The car took the whole day to repair and, when it became clear that this was going to be so, she went to the hotel and took a room. She was “resident”; she could go down the granolithic corridors to the “Ladies” now, and let the water run resoundingly into the deep enamelled iron bath with its four iron claws. She went between the room at the hotel and the tin workshop of the garage, that heated up under the winter sun as the hours went by. The garage owner came and stood beside her, hands on hips, whenever she came into the workshop; in the hotel room she lay on the cotton bedcover patterned with an Arcadian scene of shepherdesses and sun-dials and looked at the curtains on the window where the same pattern was repeated but had almost faded away; she slept and woke, and her cigarette left another burn beside those that marked the night-table with its emergency candle in a tin holder. She never got a chance to talk to Gideon again, except for the remarks he passed at her, rather than to her, about the car, as he worked with the petrol attendant, helping the garage owner. She prevailed upon the wine steward to give her a plate of cold meat and salad and a knife and fork and recklessly took it, covered by another thick hotel plate, over to the garage. The garage owner smiled at her for being a woman, and soft. “You didn’t have to pay for a meal like that for the boy, mine would’ve given him something.” She saw him eyeing the plates, plates from the hotel dining-room, the plates white people used. At once she asked some question about the car; how much longer could it take, now?

She spent the night in the hotel, alone, eating again opposite the huge black wooden chiffonier that hid the entrance to, but not the noise and smell of, the kitchen; going to bed in the room. Gideon slept in the garage on some sort of a bed provided by the petrol attendant. There were rooms for commercial travellers’ boys in the hotel yard, the garage owner said; she could get one of those — but she lied in shame for the dirty outhouses, “They’re full.”

Everything vanished but these practical details that had constantly to be worked out in the mind; the wangling of decent food, the arrangements for somewhere to sleep, the endless concentration on the coils and nuts and boxes within the gut of the car, and the news of it, the consultations about it. She said “Good morning, Gideon”, standing with the garage owner. She walked away with the man whose pink jowls were creased by his pillows. Gideon looked refreshed. He was shaved and had a clean shirt on. She wondered how and where he had managed this. All the mystery of the simplest mechanics of daily living parted them.

When they were on the road at last again, time had changed and stretched and swollen. No longer had they been a few days together; the other afternoon, the afternoon they had left Johannesburg, was far off.

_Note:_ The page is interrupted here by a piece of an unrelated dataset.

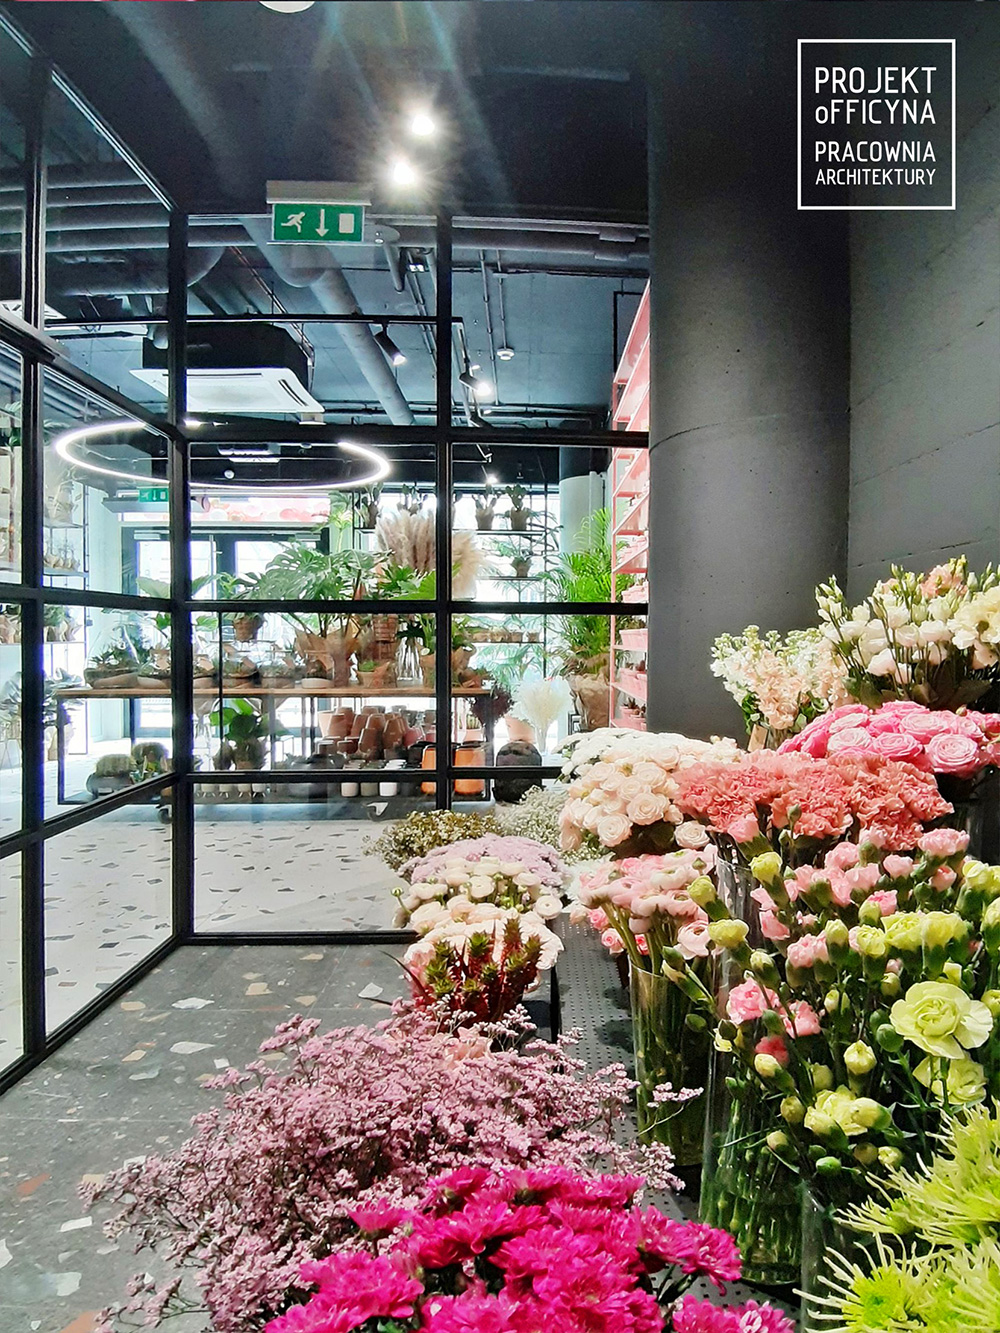 Kwiaty na pierwszym planie: nowa kwiaciarnia wHi Piotrkowska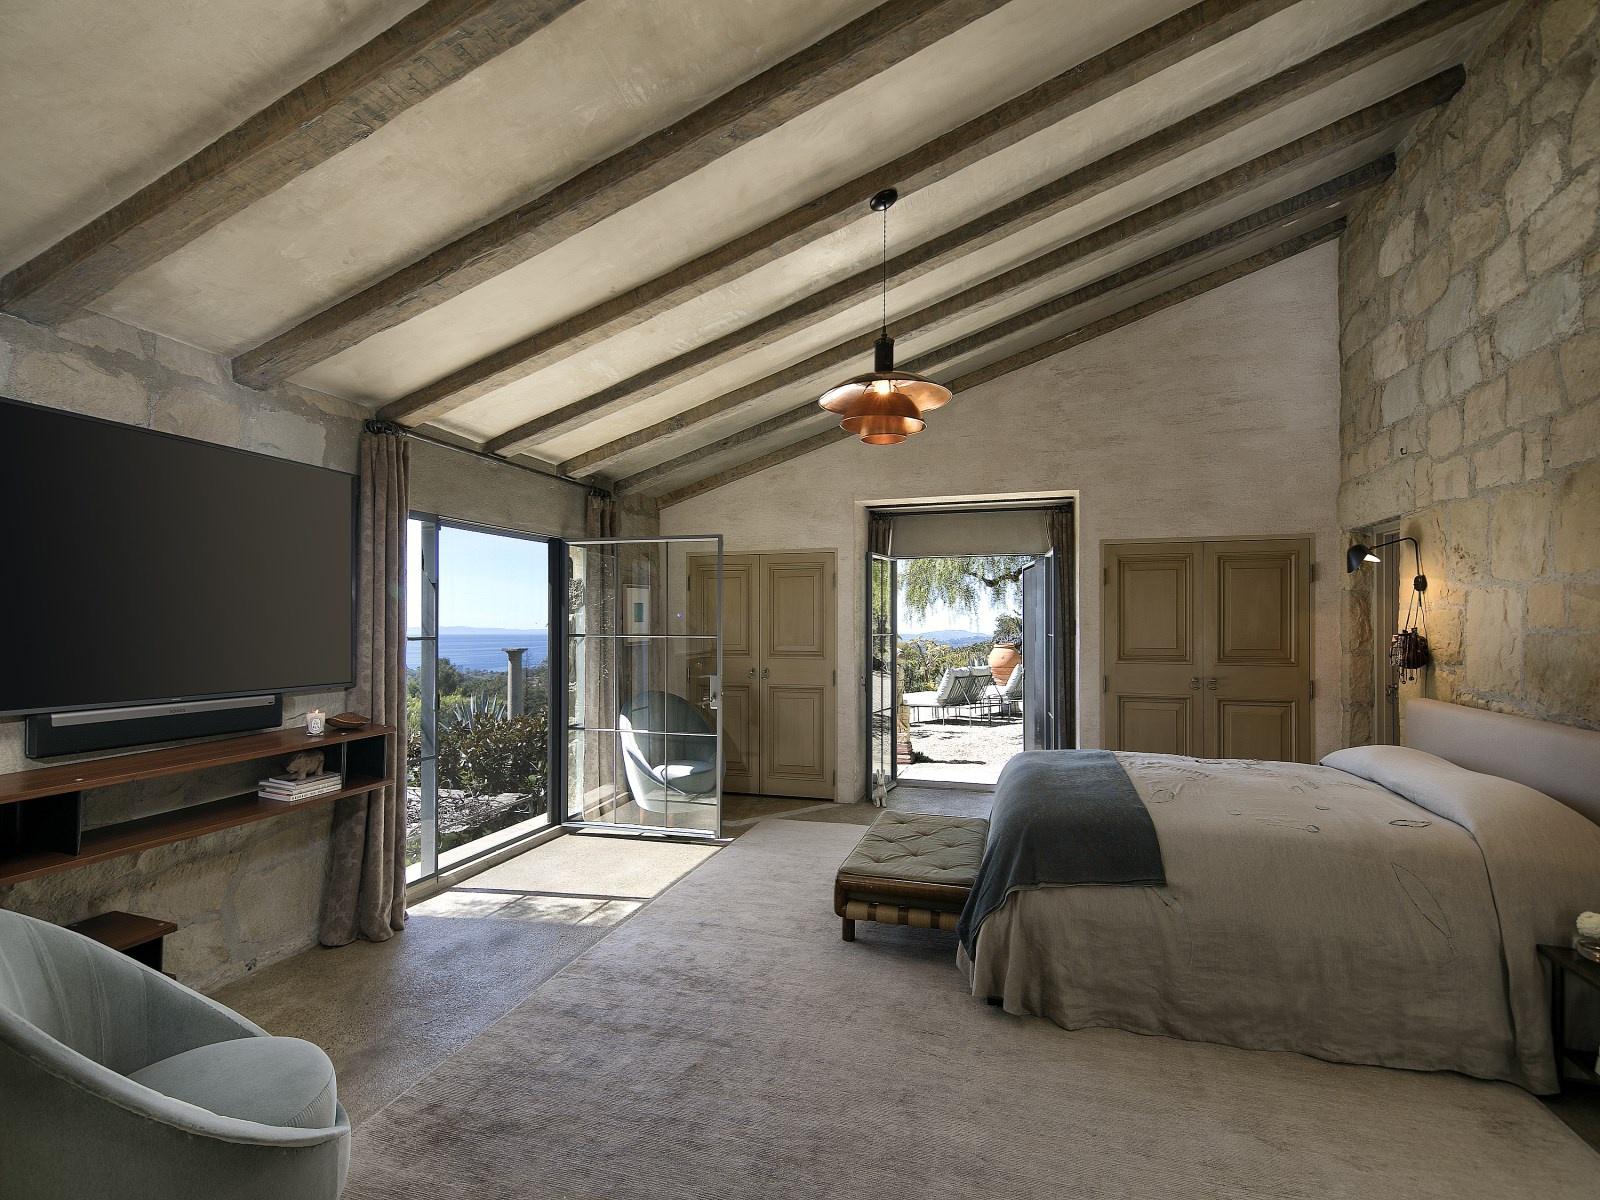 Slaapkamers in Italiaanse rustieke landelijke stijl

She said to him, “Stop for a minute somewhere.” She was stretched out in the seat beside him gawkily, her head flung back, smoking, the elbow of one arm cupped in the other hand. “What’s wrong?” “Just stop.”

With the engine cut off there was silence for a moment until the passing sounds of the empty road came to them — a chirrup as a bird flitted by, and the crack of a dry stalk in a mealie field. She was frowning intensely, provocatively, blinded by what she wanted to say. She kissed him suddenly with the powerful invitation of a woman who wants to be made love to. While he was uncertain how to respond, as a man is at the wrong time and place, and stroked her arm in some soothing, trifling caress, she sat up and said, “That bloody hotel.”